Но есть кое-что, что бросается в глаза: коллекция матрешек — деревянных куколок в стиле русского народного творчества. Их здесь десятки самых разных типов. Пока Наташа приготавливает чай, я их одну за другой открываю, словно ища какой-то секрет. Одна из матрешек — женщина, внутри — мальчик, в мальчике — девочка, внутри девочки запеленутый младенец, а внутри младенца — опять крошечная женщина. Другая матрешка изображает царя, внутри у царя — патриарх, у того — царевич, а дальше — боярин, поп, купец, гусар, солдат, последняя же куколка — босой мужик. Одна из матрешек содержит десять персонажей русских сказок. Другая — крестьянка с курицей в руках, а в ней тоже крестьянки, мал-мала меньше и все с домашними животными. Есть и совсем простые, в которых все куколки одинаковые, но только разные по размеру. Есть же особенно тщательно разукрашенные, на которых подробно выписана каждая деталь. Есть состоящие из пяти фигурок, а есть и из двадцати. Имеется также и матрешка, которую иностранные туристы особенно охотно покупают в качестве сувенира на Арбате: самая большая фигура изображает нынешнего Президента СССР, внутри него — Брежнев, грудь которого сплошь в медалях и орденах, внутри Брежнева — Хрущев с початком кукурузы в руке, а в нем — маленький Сталин, курящий трубку, а внутри Сталина — малюсенький Владимир Ильич. У Ленина руки заложены за спину, и он в кепке. Интересно, известно ли Президенту, что у Наташи есть такая матрешка?..

— Вам они нравятся? — спрашивает Наташа, принеся чай.

— Конечно. Но я думал, что их коллекционируют только иностранные туристы.

— Матрешка, — возражает Наташа, — это символ нашей матушки-России. Само слово происходит от «матери», а идея игрушки идет от древней богини угров Юрмалы — божества Уральских гор: верили, что ее тело содержит в себе все, что только существует на свете. Матрешка это игрушка, но также и загадка. Поэтому они всегда мне нравились. Они чем-то сродни скульптуре. Также и в каменной статуе можно многое прочесть. Также и она представляет собой обработанный материал, и ты в каком-то смысле можешь себе представить, что она содержит в себе все сущее.

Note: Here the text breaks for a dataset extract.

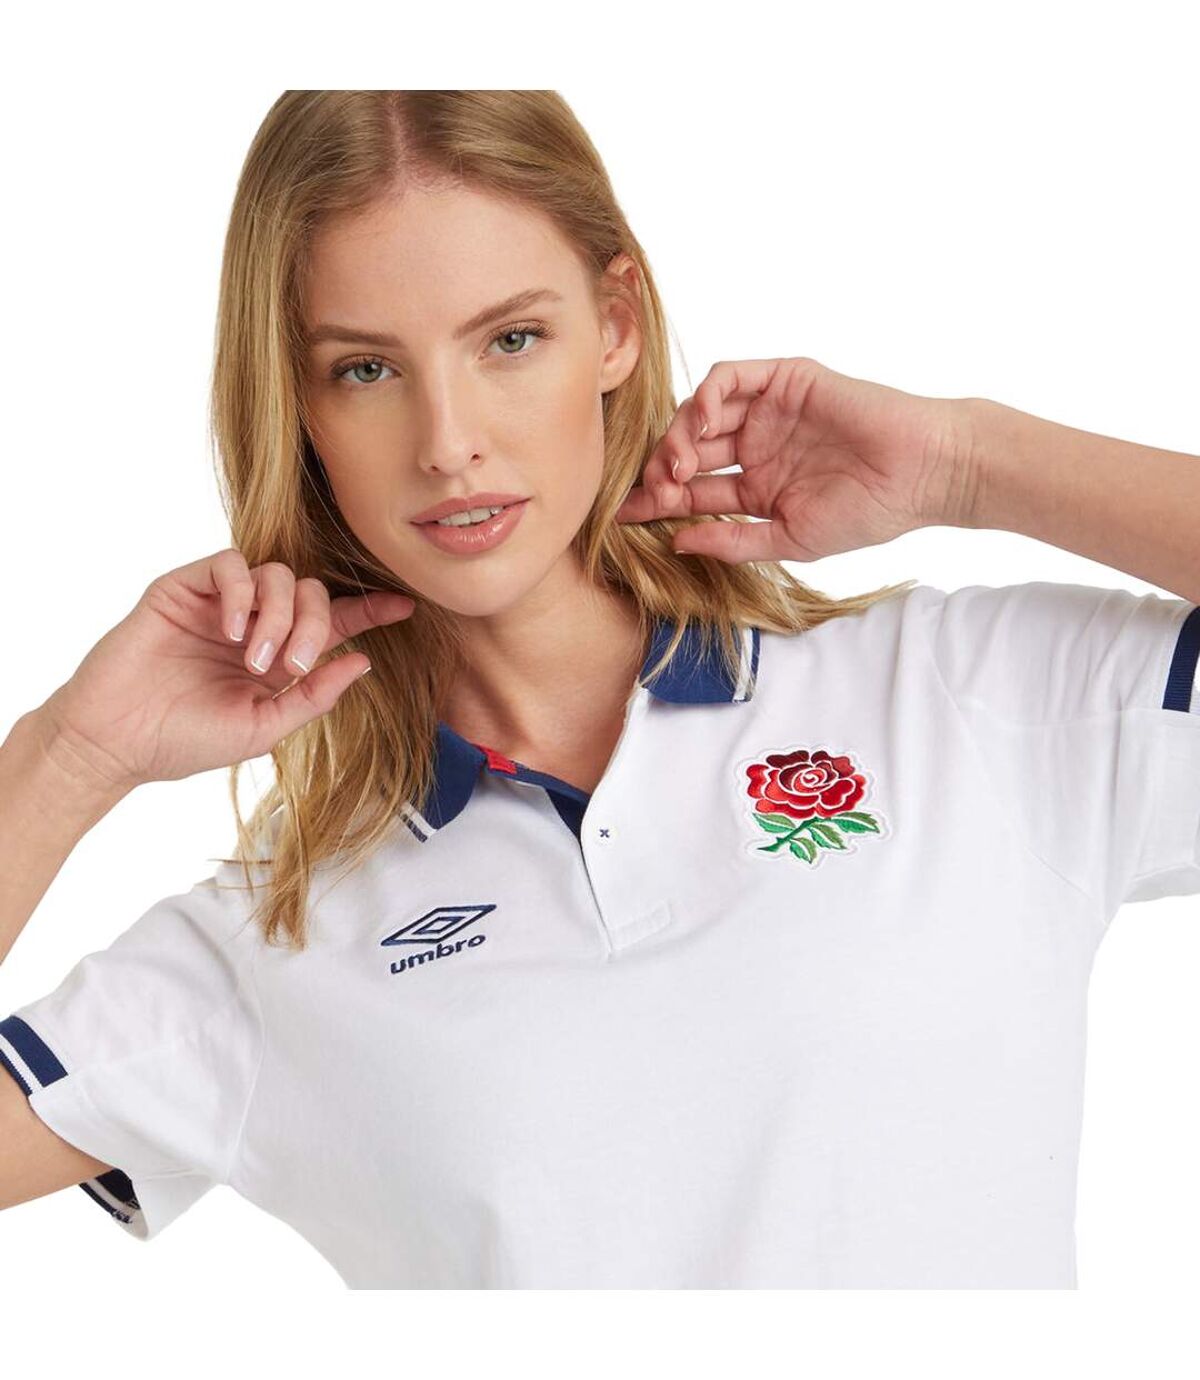 England Rugby - Robe polo CLASSIC - Femme (Blanc / Bleu marine) - UTUO936

Пока мы с ней еще не говорили о ее работе скульптора. Наташа только раз упомянула, что оставила ее после переезда в Москву. Президент нашел ей место в Союзе художников. «Думаю, это один из редких случаев, когда он согласился кого-то рекомендовать», — сказала тогда Наташа. Иногда она ходила в студию одного художника. Там она работала над своей скульптурой «Мать-Земля». Она хотела выразить в ней все то, чем является Россия, но ей так и не удавалось ее закончить.

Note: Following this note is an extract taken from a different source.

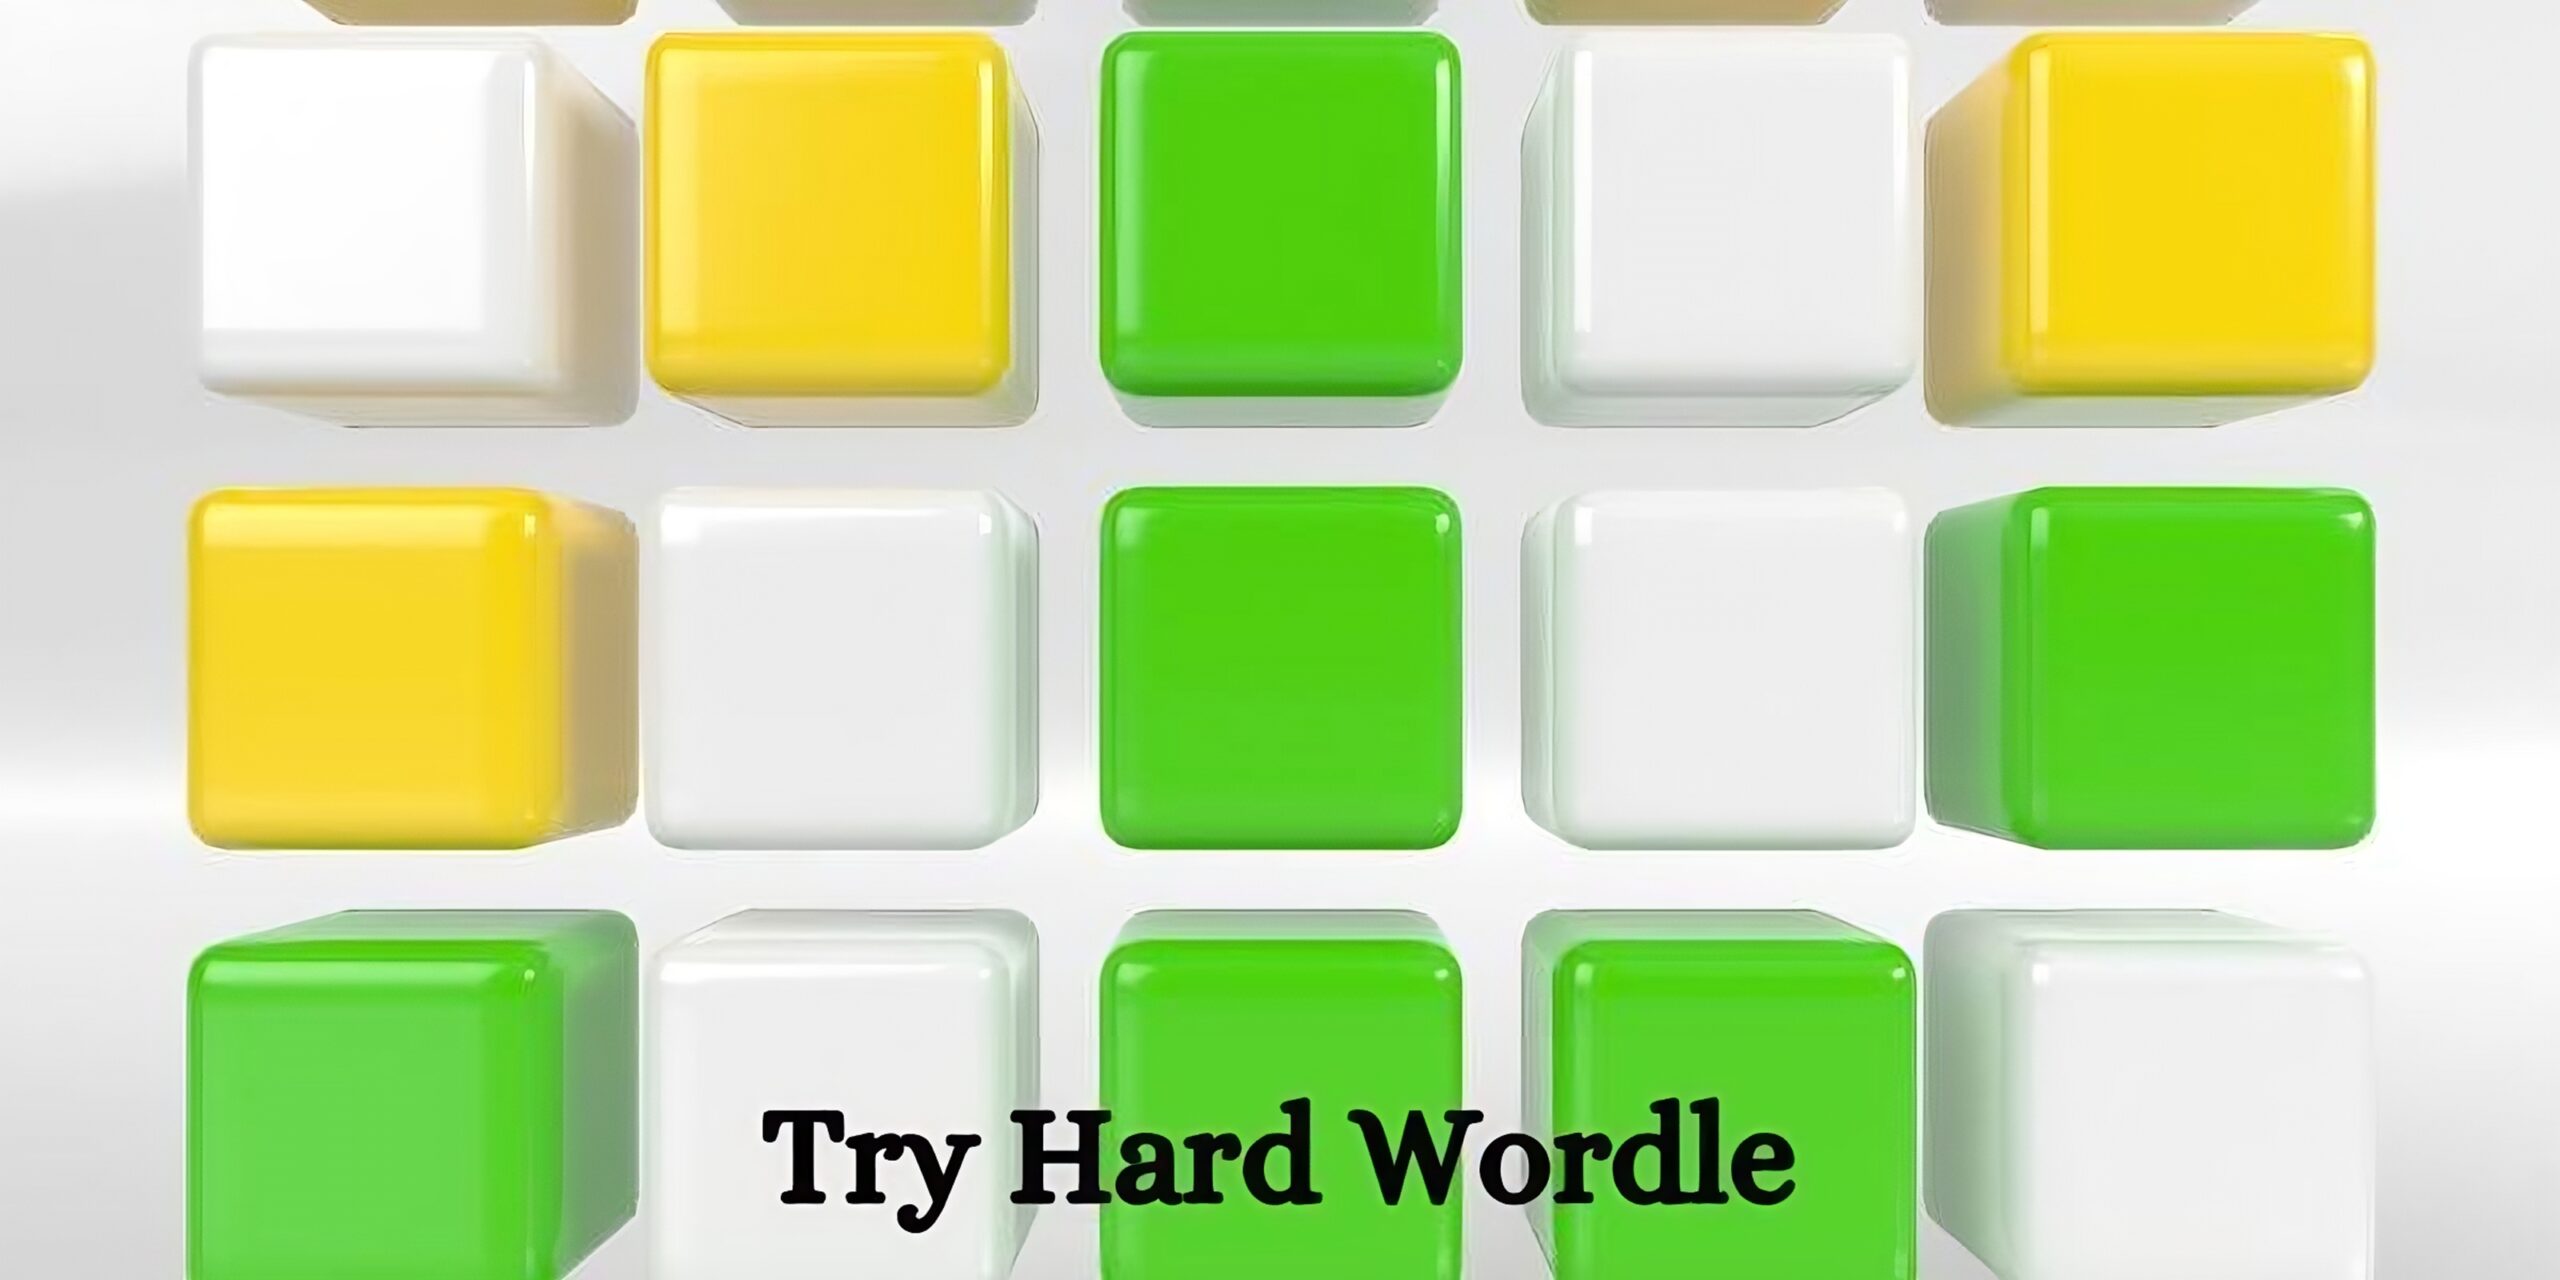 Try Harder Wordle

— Тут нужна была бы матрешка из камня, нечто такое, что могло бы содержать в себе другие матрешки, все вместе, причем она не должна была бы терять свое внешнее единство, величие и гармоничность, — говорит она. — Нечто щедрое и ненасытное, как земля и как сама Россия. Но мне никак не удается это выразить, это слишком трудно.

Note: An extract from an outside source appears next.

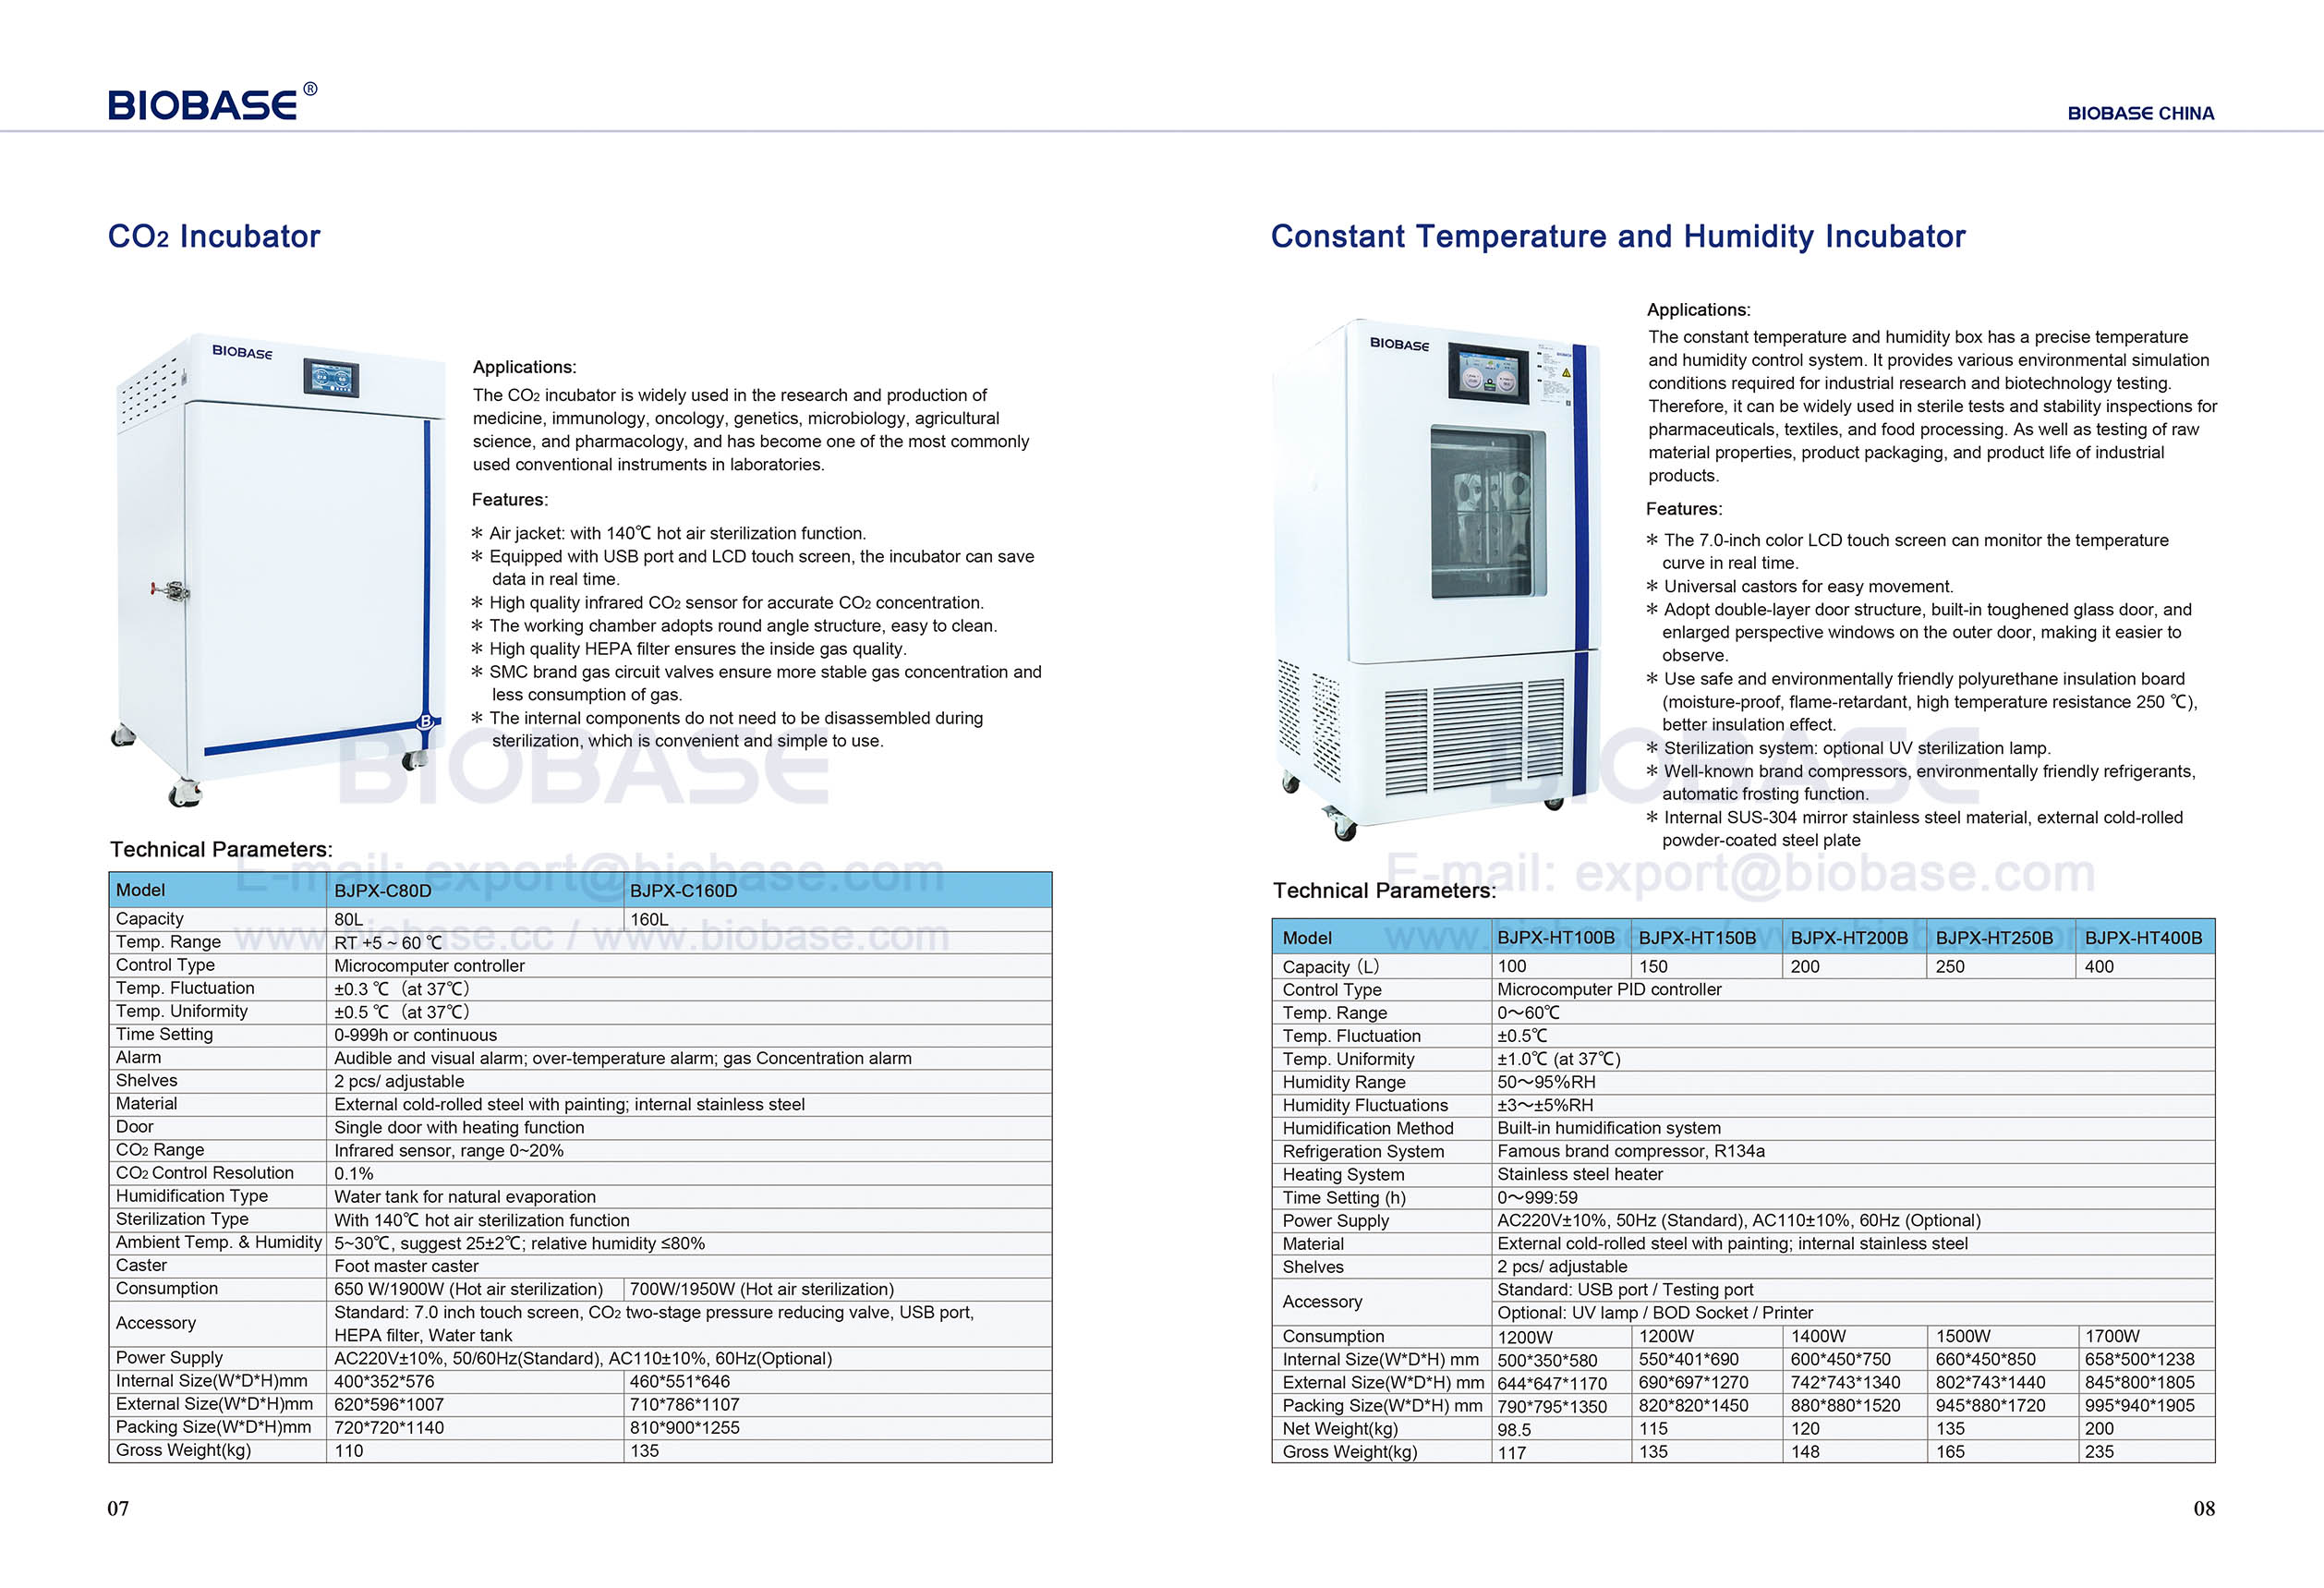 7-8 CO2 Incubator & Constant Temperature and Humidity Incubator

На стене висит какой-то музыкальный инструмент. Он похож на маленькую гитару. Спрашиваю, не балалайка ли это.

— Вроде того. Это старинный инструмент, он принадлежал моему деду, графу, а ему достался в детстве от его деда. Представляете, какая старина! Этот инструмент называется «гусли». На нем играли бродячие певцы-гусляры. На Западе таких певцов называли менестрелями. Гусли придавали песням русских менестрелей волшебную силу.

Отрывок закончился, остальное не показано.